**Goal of the exercise**: Once the line with "Herve Van Der" is found, repeat it and all later lines exactly through the end of the listing below, with the pictures left out.

Data START

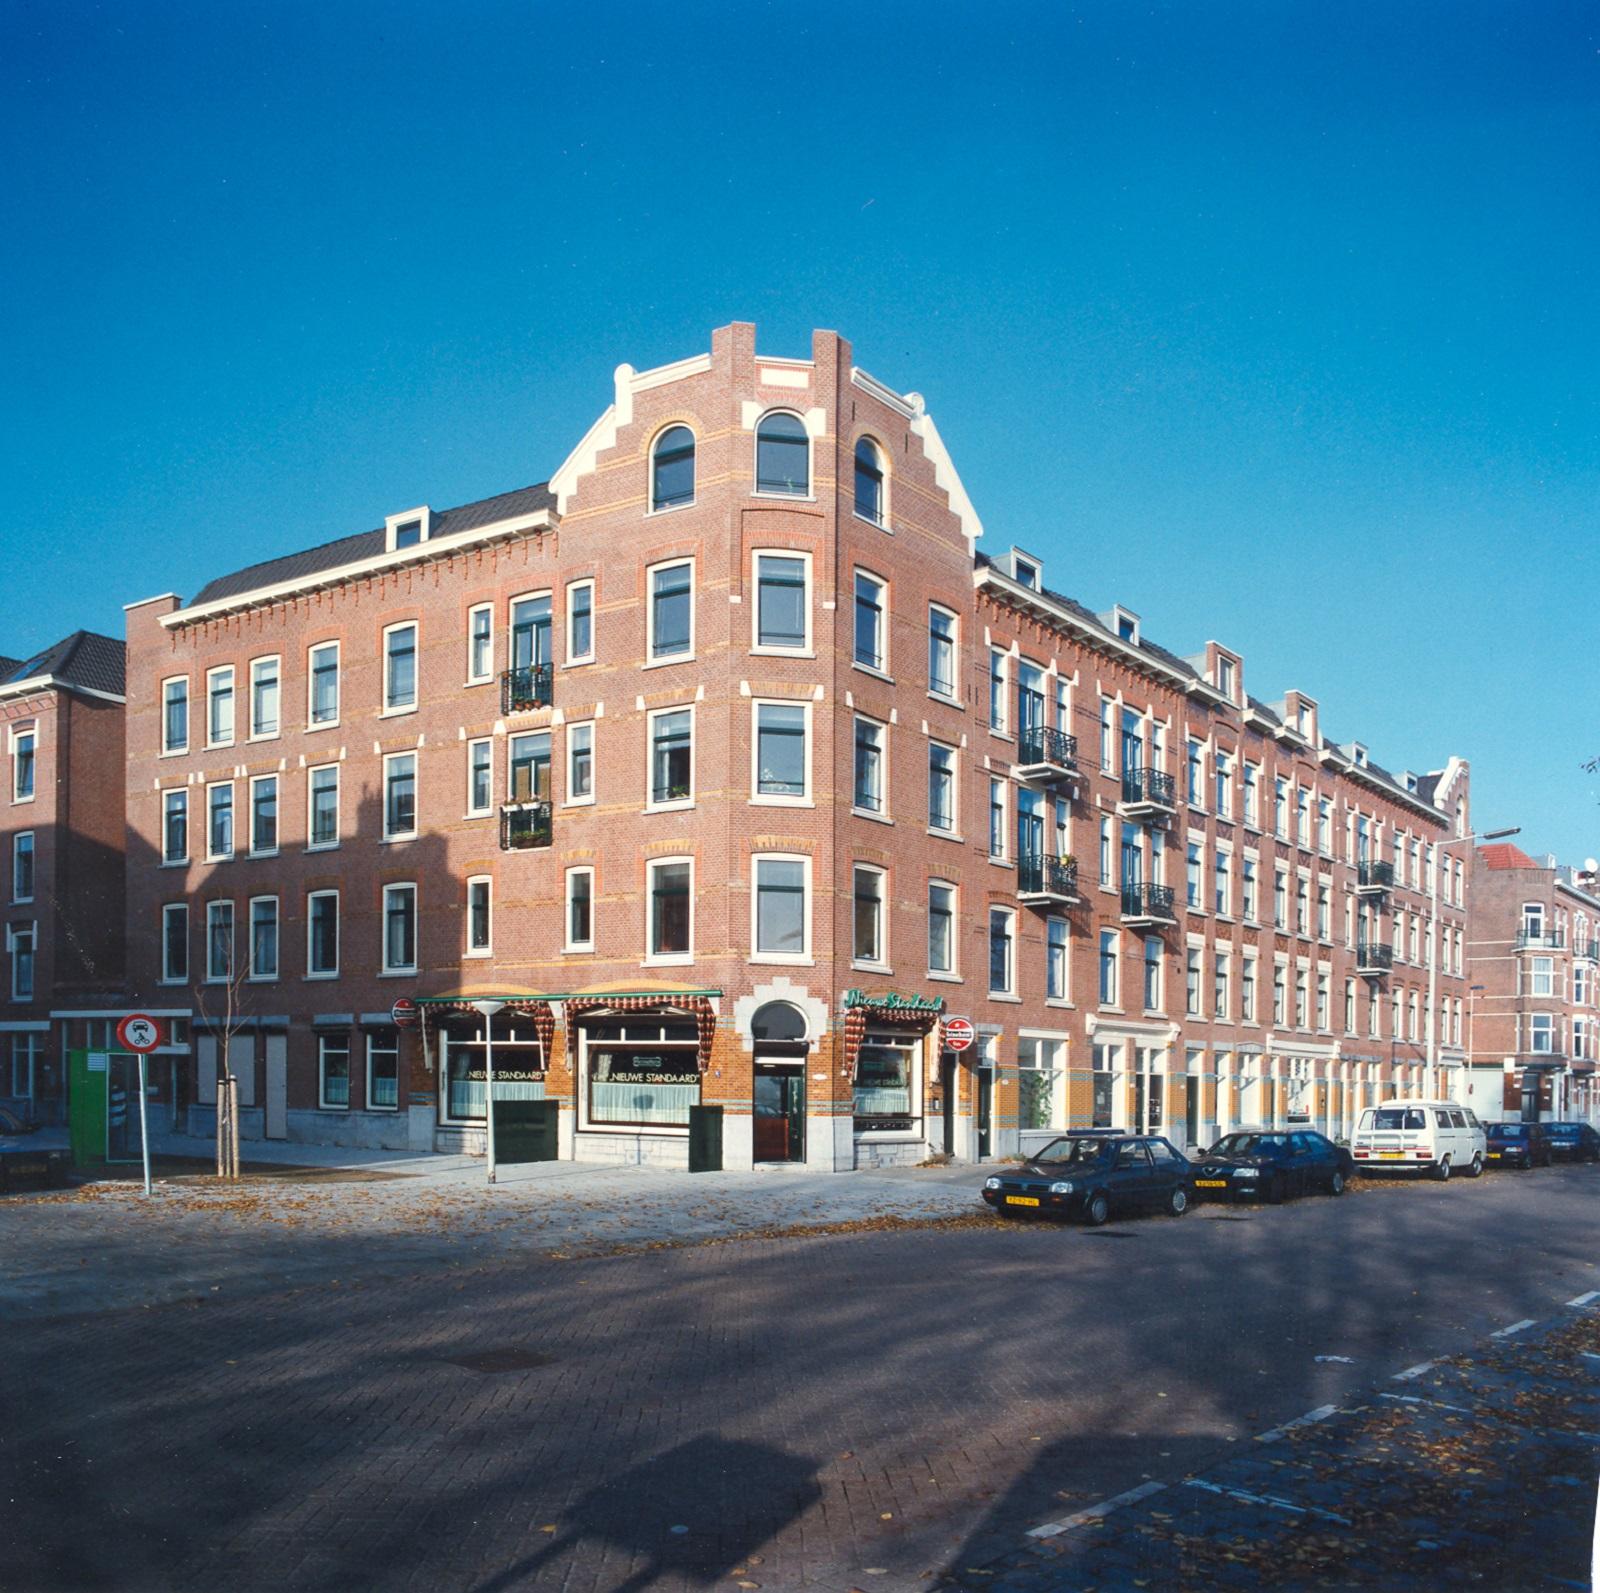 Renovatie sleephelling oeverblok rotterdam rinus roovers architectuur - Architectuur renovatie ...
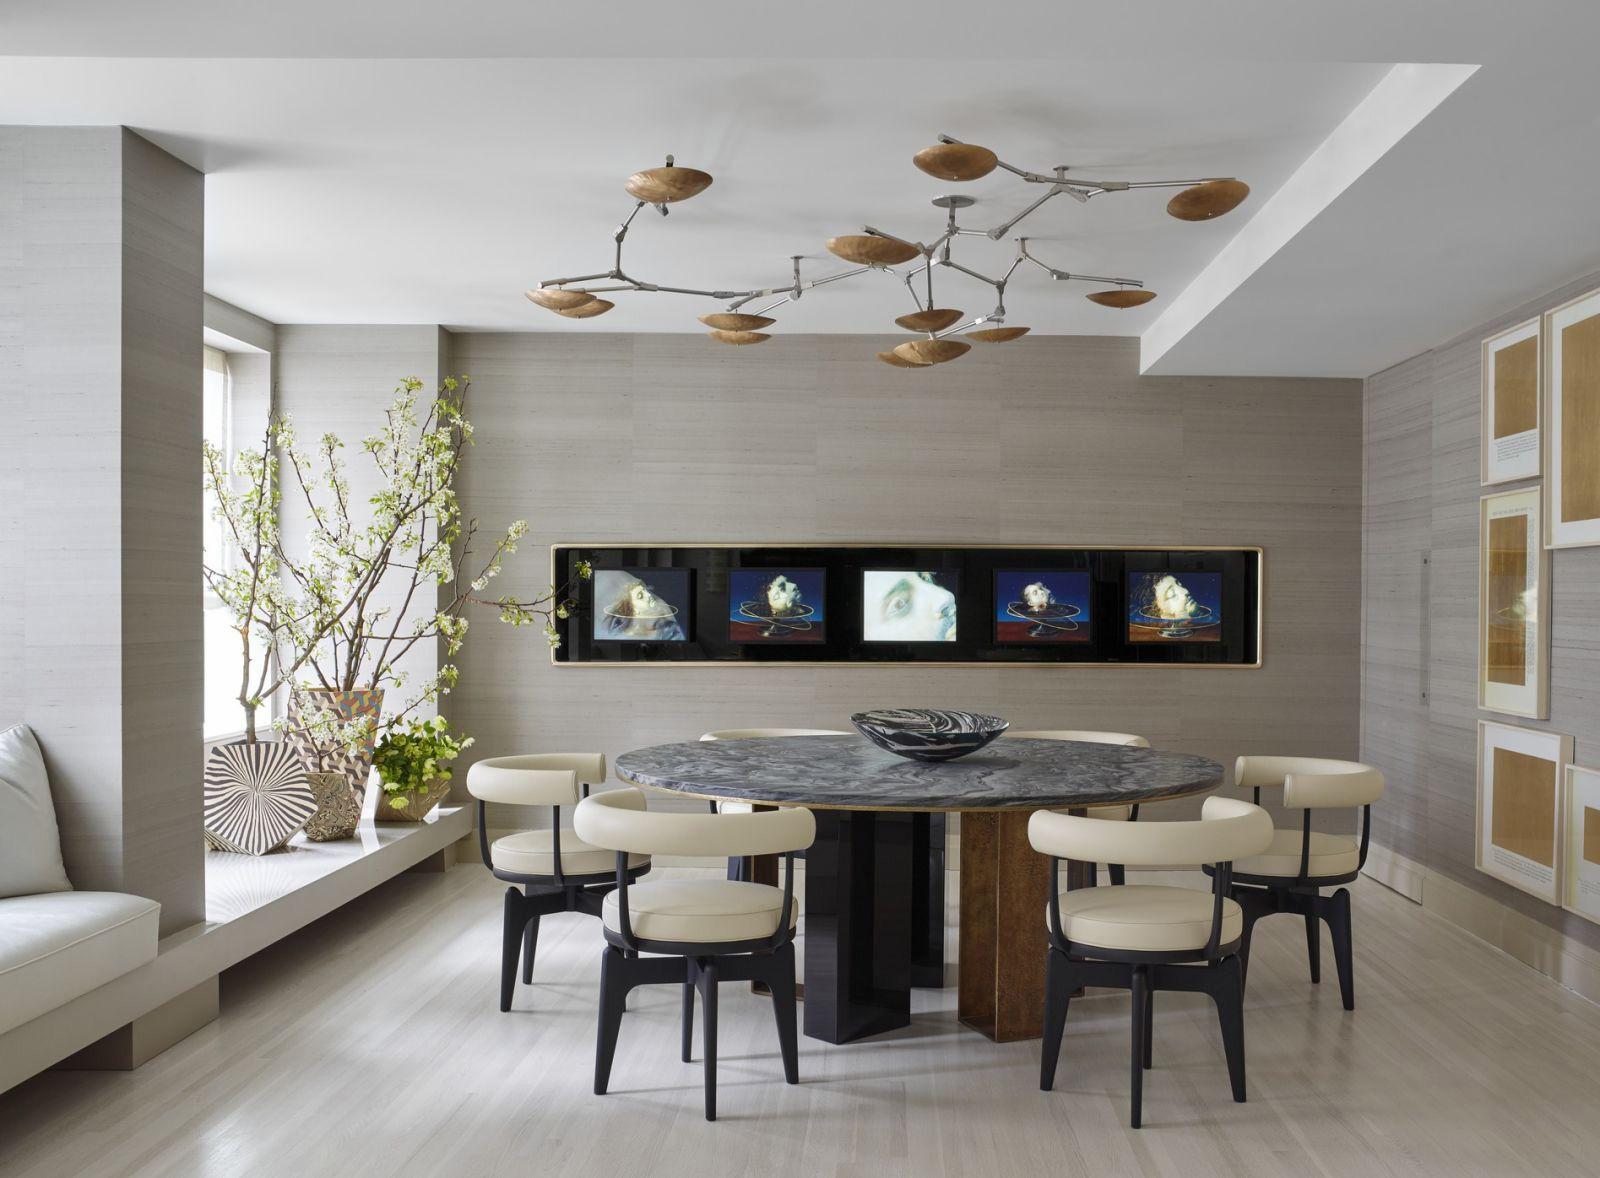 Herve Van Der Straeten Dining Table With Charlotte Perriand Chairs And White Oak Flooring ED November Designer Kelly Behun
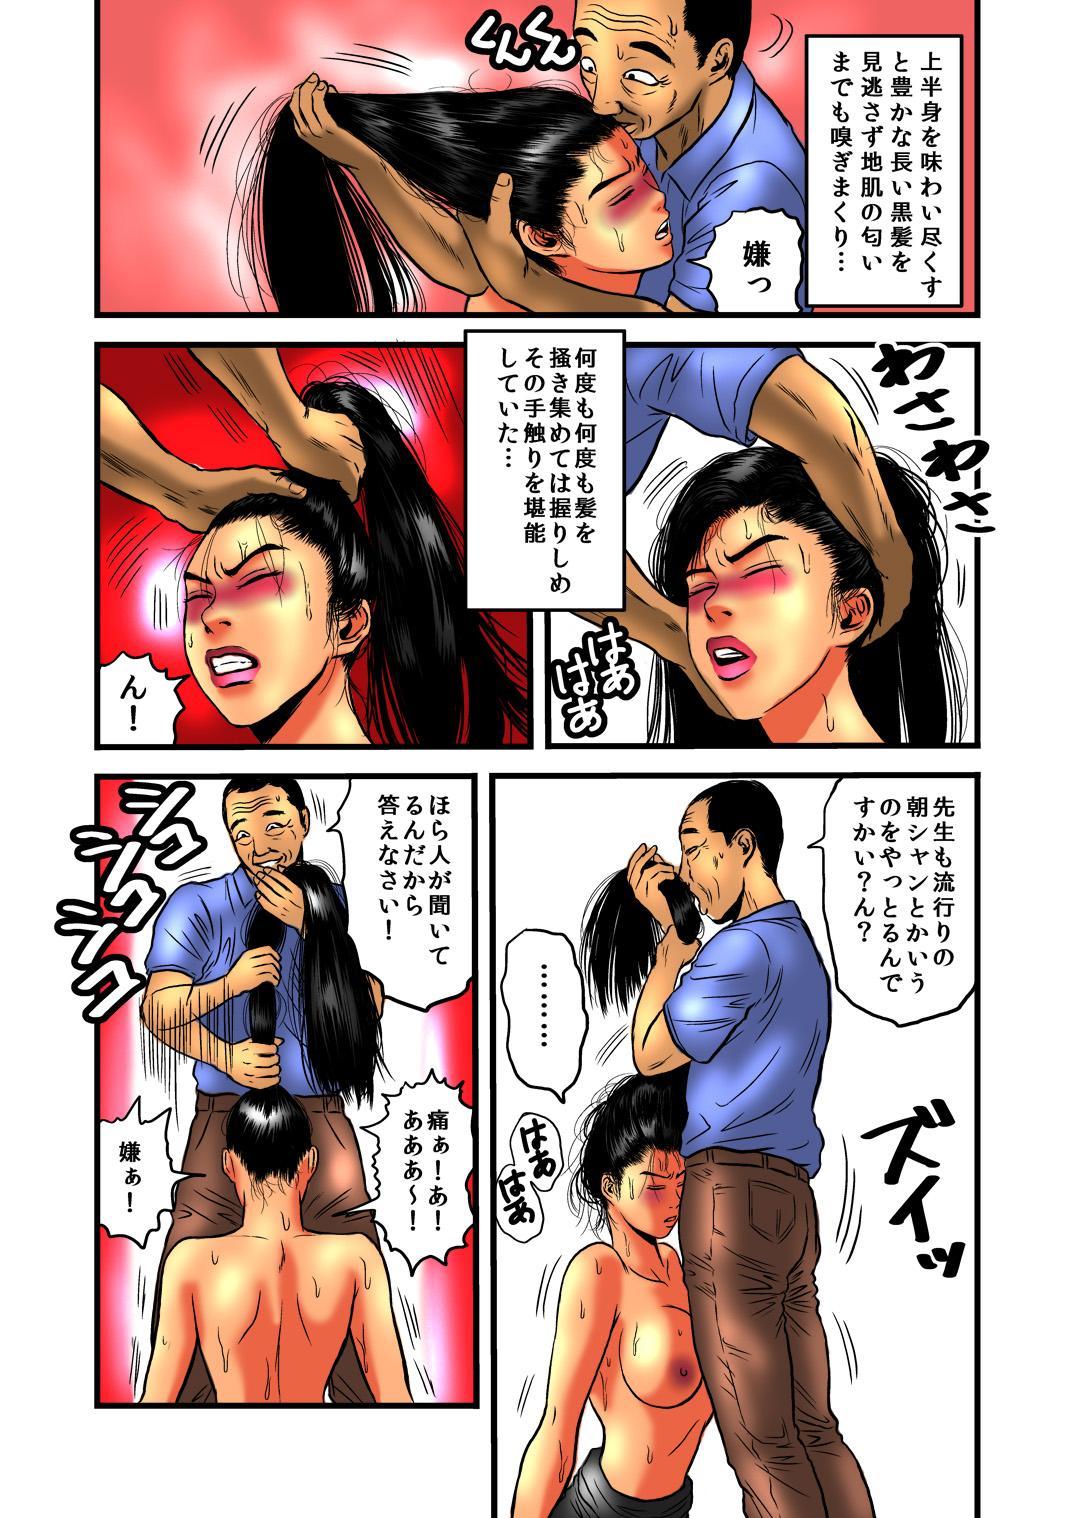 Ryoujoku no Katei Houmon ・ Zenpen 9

Data END

**Task answer**:
 Herve Van Der Straeten Dining Table With Charlotte Perriand Chairs And White Oak Flooring ED November Designer Kelly Behun
 Ryoujoku no Katei Houmon ・ Zenpen 9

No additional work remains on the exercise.